During the 2019 legislative session, Moody launched a invoice to create a pink flag legislation, nevertheless it died with out reaching the governor’s desk.
After the El Paso massacre, the Texas Safety Commission launched the Texas Safety Action Report, which made a collection of suggestions for firearm-related laws. Abbott additionally issued govt orders that he mentioned elevated “law enforcement’s ability to respond to suspicious activity.”
But Freilich mentioned the security fee’s suggestions “again focused largely on bolstering law enforcement training, data-sharing, and threat assessment systems” as a substitute of specializing in obligatory background checks for buying firearms.
A gun proprietor himself, Moody has filed a number of payments geared toward bettering gun security.
In the 2021 legislative session, the primary after the El Paso shooting, Moody launched one other pink flag invoice, which once more failed, in addition to a number of different gun security measures that didn’t turn out to be legislation.
In that session, lawmakers gave gun rights advocates a giant victory after Abbott signed into legislation House Bill 1927, which permits Texans to carry a handgun without training or a permit wherever a gun will not be in any other case prohibited.
Before his colleagues in the House voted on the permitless carry invoice, a disheartened Moody rose to deal with them.
“One day, a tragedy will come to your community,” he mentioned in an impassioned speech. “It’s come to many others’ community, and it’s going to come to yours, too, because we fail to be responsible to the members of our communities across the state. I pray that it doesn’t, but it is.”
Moody’s warning appeared prescient after the mass shooting in Uvalde precisely a yr and a day later.
A wood cross for consolation
Moody made his first go to to Uvalde as a member of the House Investigative Committee on June 15, carrying a particular wood rosary that was given to him by one of many members of his Saturday church group. Moody mentioned he picked it up on the day of the El Paso shooting and has carried it with him ever since.
Moody, the only real Democrat on the three-member committee alongside Rep. Dustin Burrows, R-Lubbock, and former state Supreme Court Justice Eva Guzman, says going by means of the investigative information from the Uvalde shooting has been difficult due to the violence they describe.

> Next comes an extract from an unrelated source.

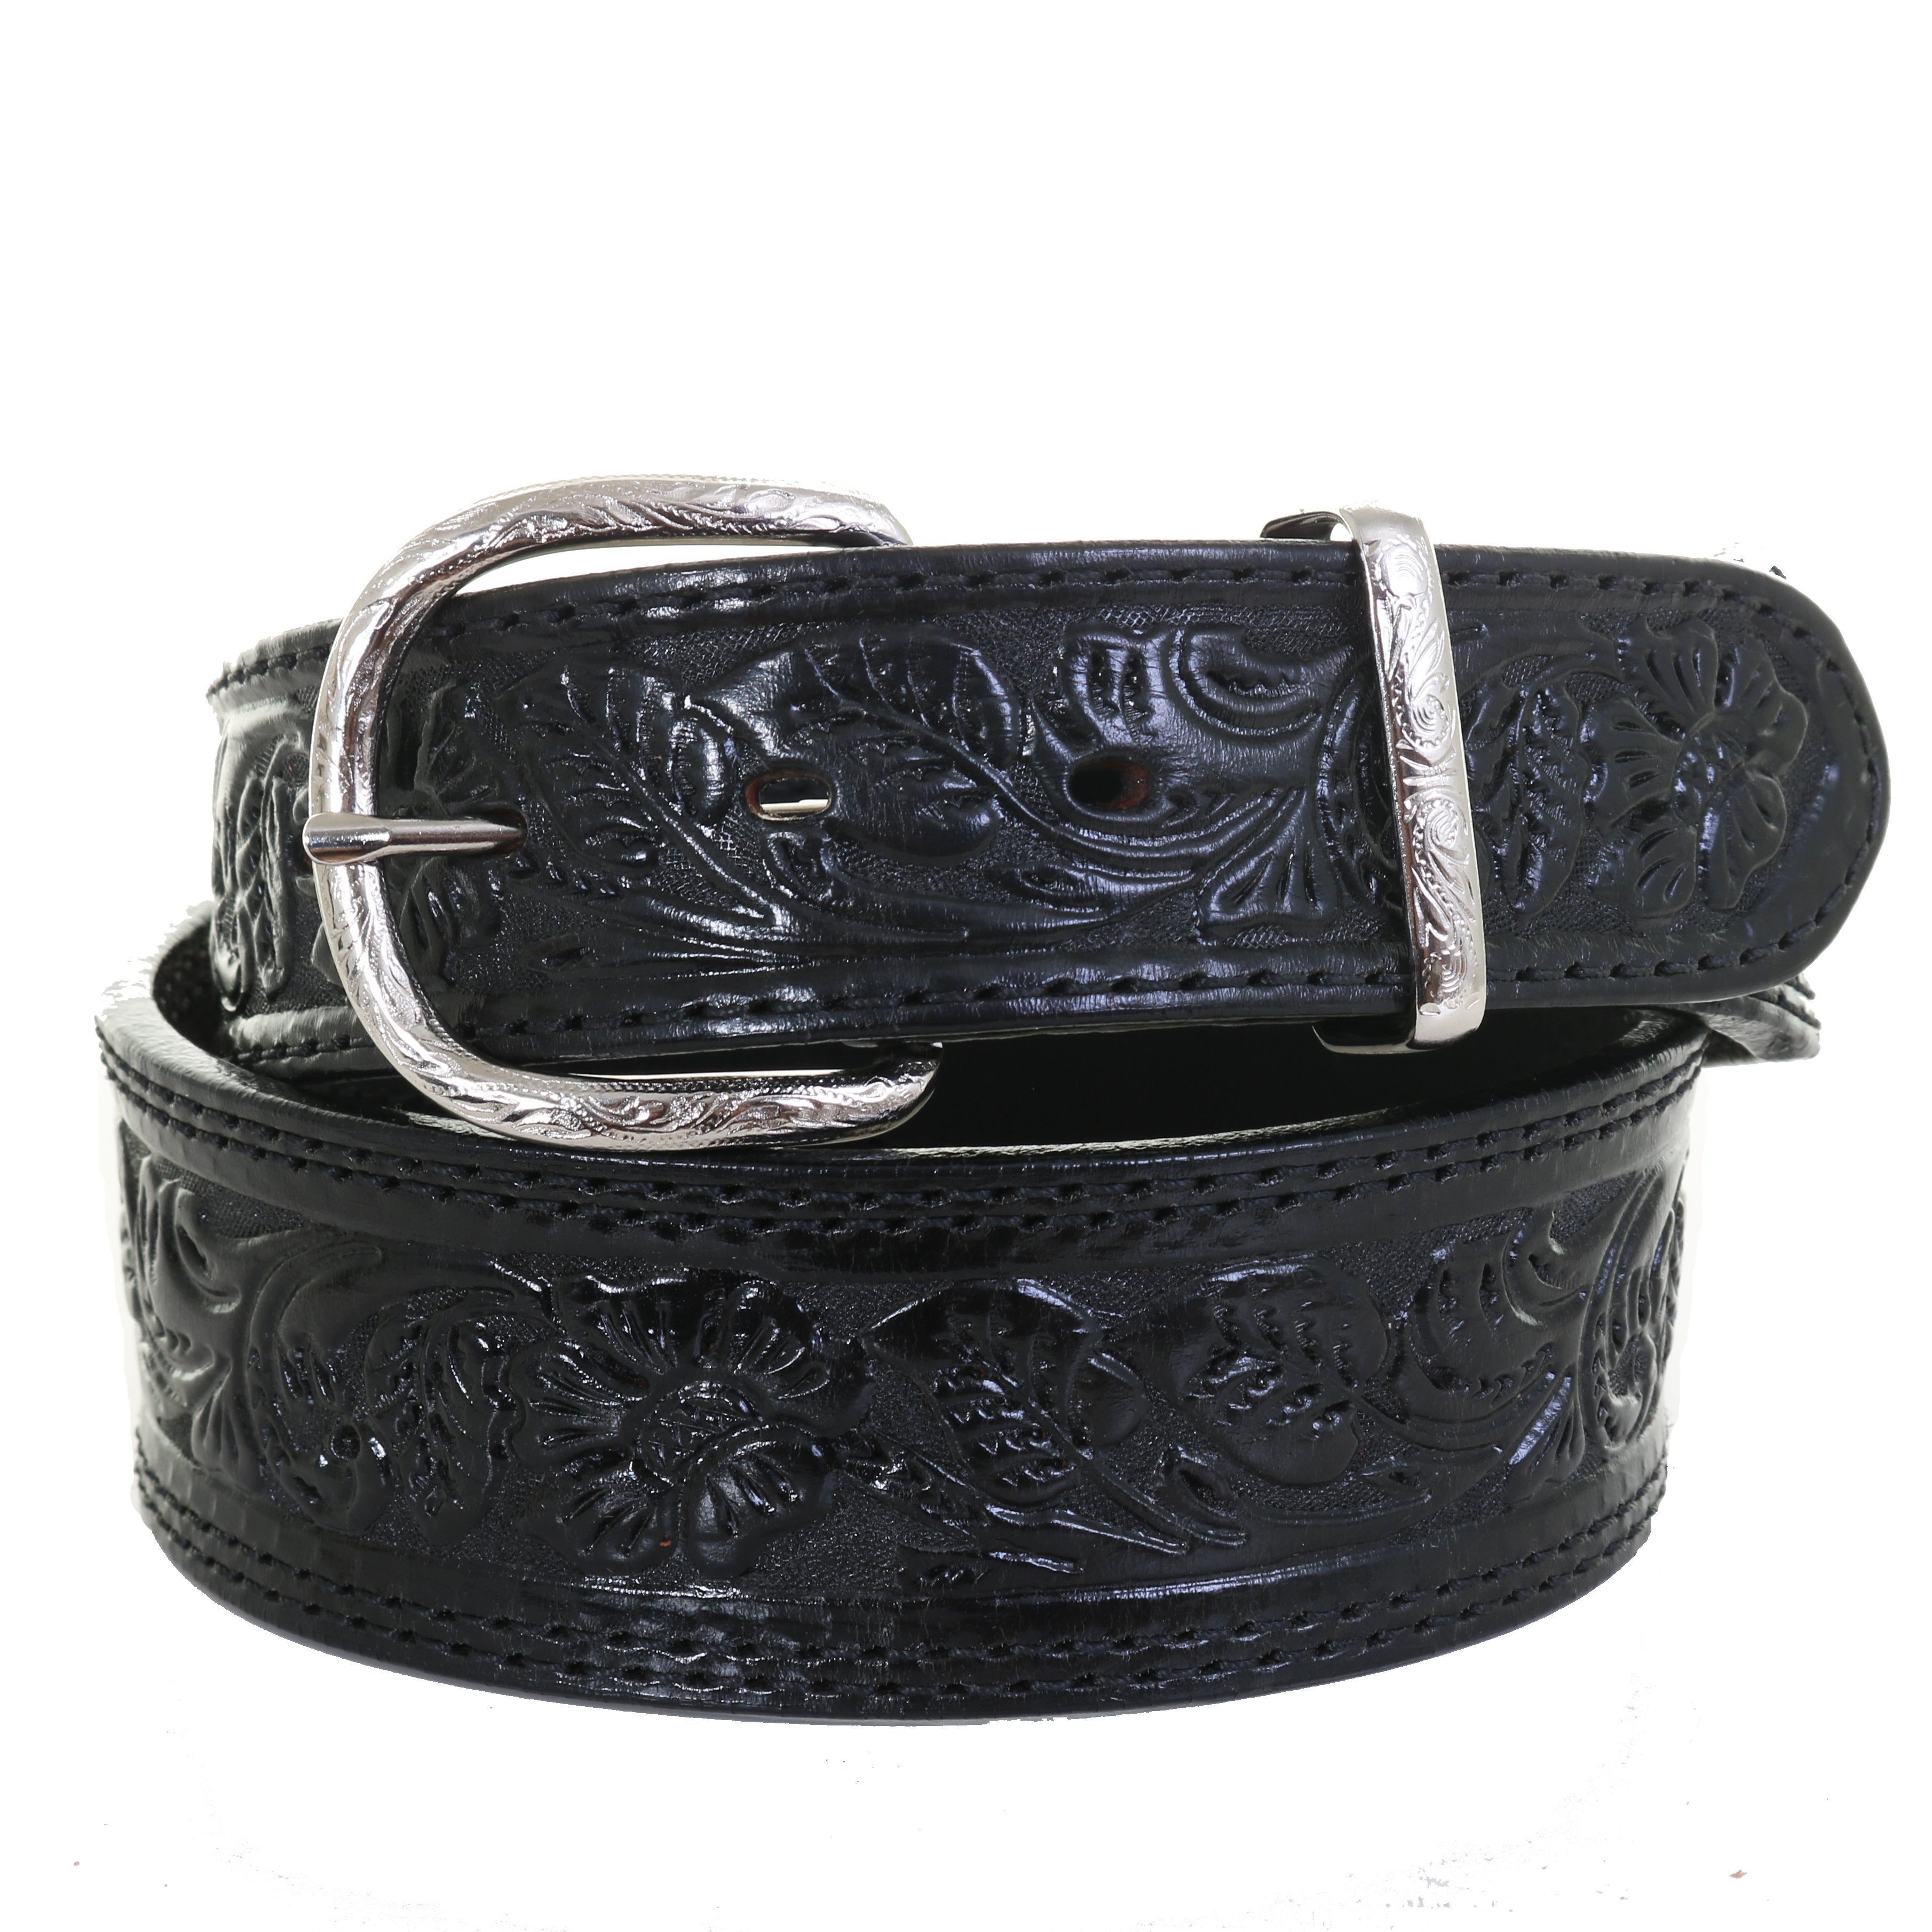 Mexican Flowers Leather Belt Black

But he mentioned they owe it to the households of the victims to separate the info from the misinformation.
In the aftermath of the Robb Elementary shooting, Abbott and different public officers introduced that they’d allocate $105.5 million in state funds to mental health and school safety — with slightly greater than $11 million of it dedicated to psychological well being companies.
“We as a state, we as a society, need to do a better job about mental health,” Abbott mentioned at a press convention on May 25. “Anybody who shoots somebody else has a mental health challenge. … We as a government need to find a way to target that mental health challenge and do something about it.”

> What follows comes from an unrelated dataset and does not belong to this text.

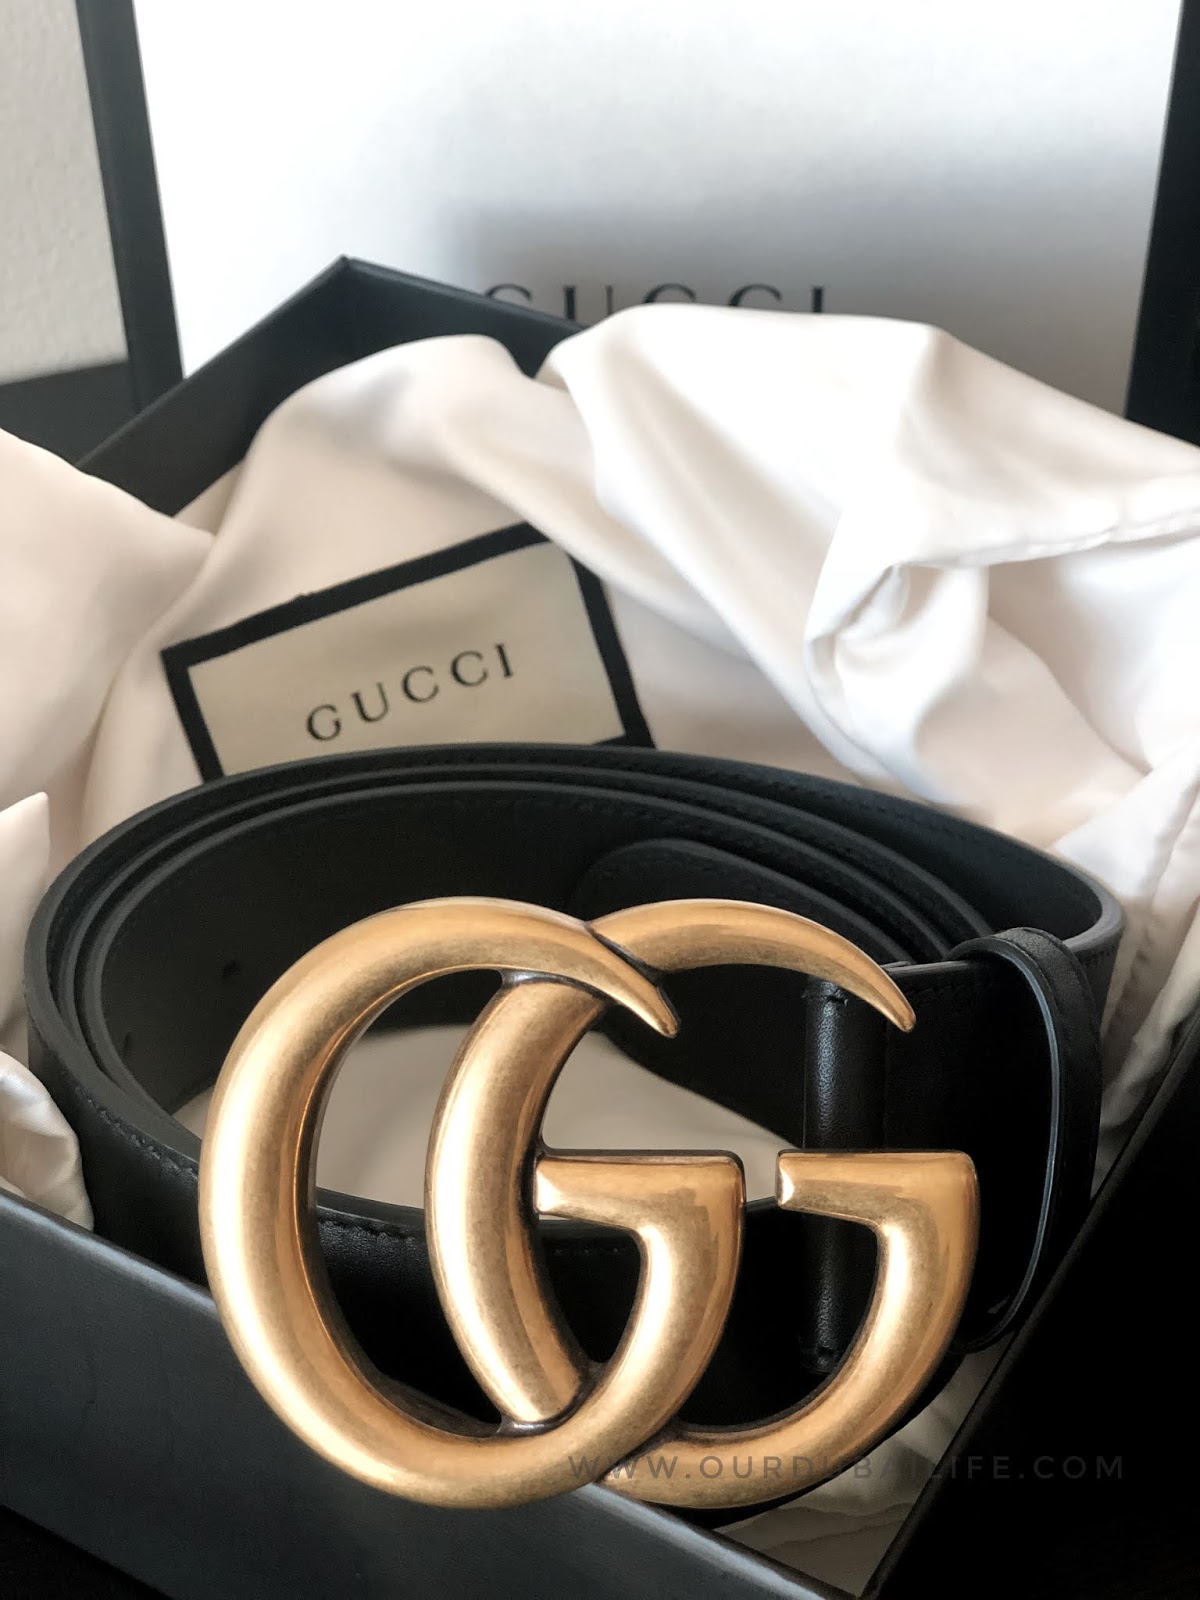 GUCCI Marmont Reveal | Special Birthday Haul | Our Dubai Life

Moody calls the deal with psychological well being a “red herring” and mentioned he worries about stigmatizing individuals with psychological sickness.

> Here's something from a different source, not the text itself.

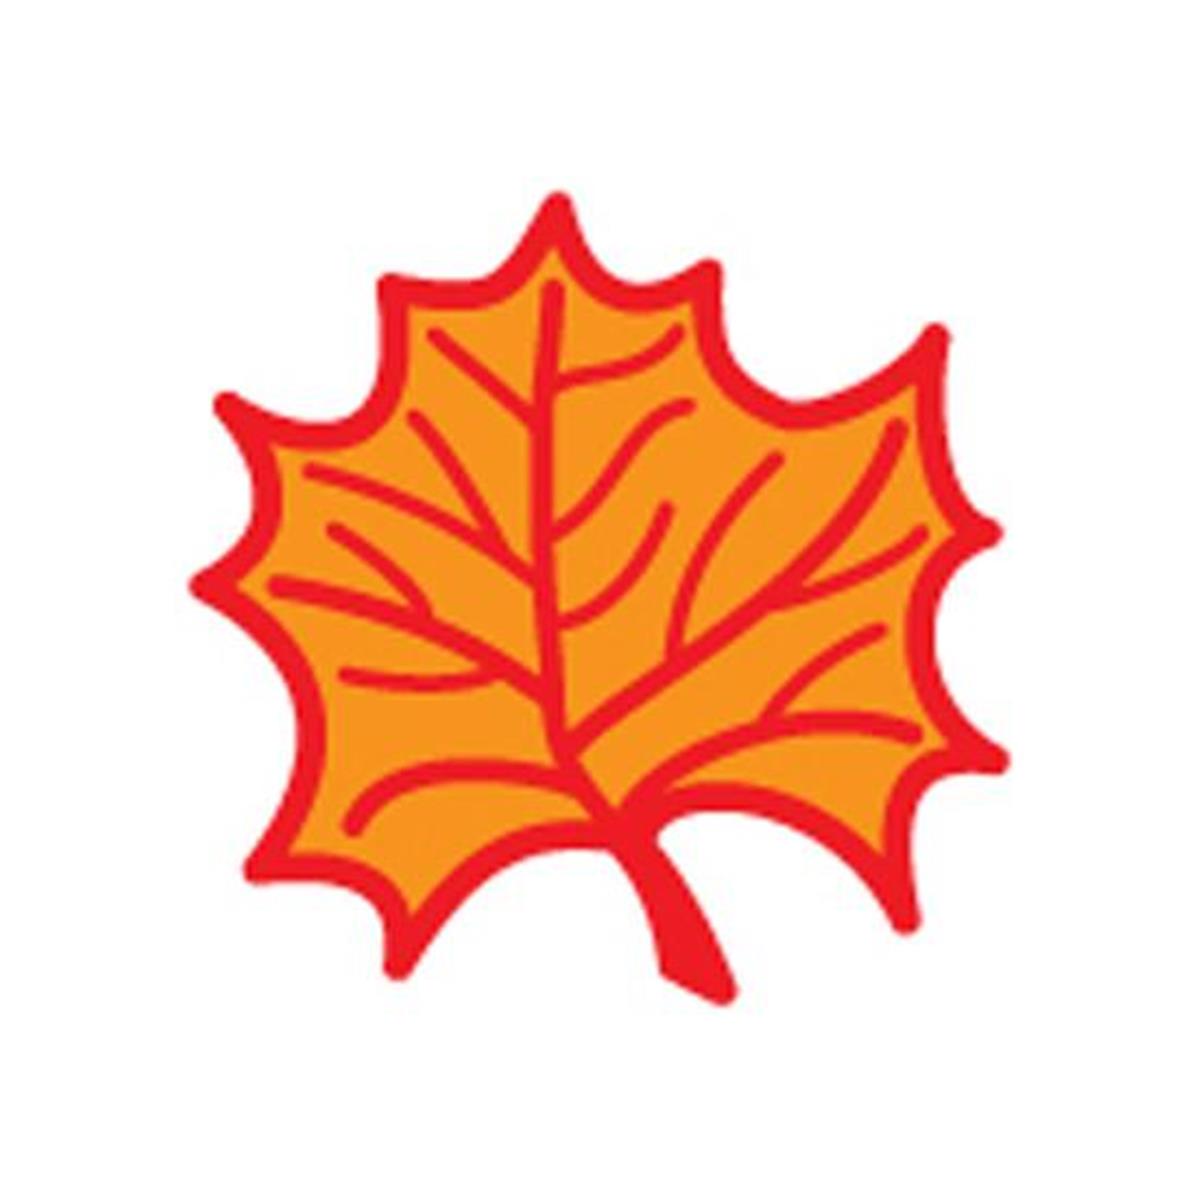 Picture of Creative Shapes Etc SE-0445 0.5 x 0.5 in. Incentive Stamp - Maple Leaf

Mental well being advocates have warned in opposition to utilizing psychological sickness as a scapegoat on the subject of gun violence. “A vast majority of firearm violence is not attributed to mental illness,” the American Psychiatric Association mentioned in a press release after the Uvalde shooting.
As Moody seems to be forward to the 2023 legislative session that begins in January, Moody says he wants to stay hopeful that extra could be accomplished to forestall one other mass shooting.
“I wouldn’t be going back [to the Capitol] if I didn’t have hope,” he mentioned. “If I don’t carry that with me, then I shouldn’t be in this job. … If you’re not willing to do the difficult and do the challenging, then you need to find a different line of work.”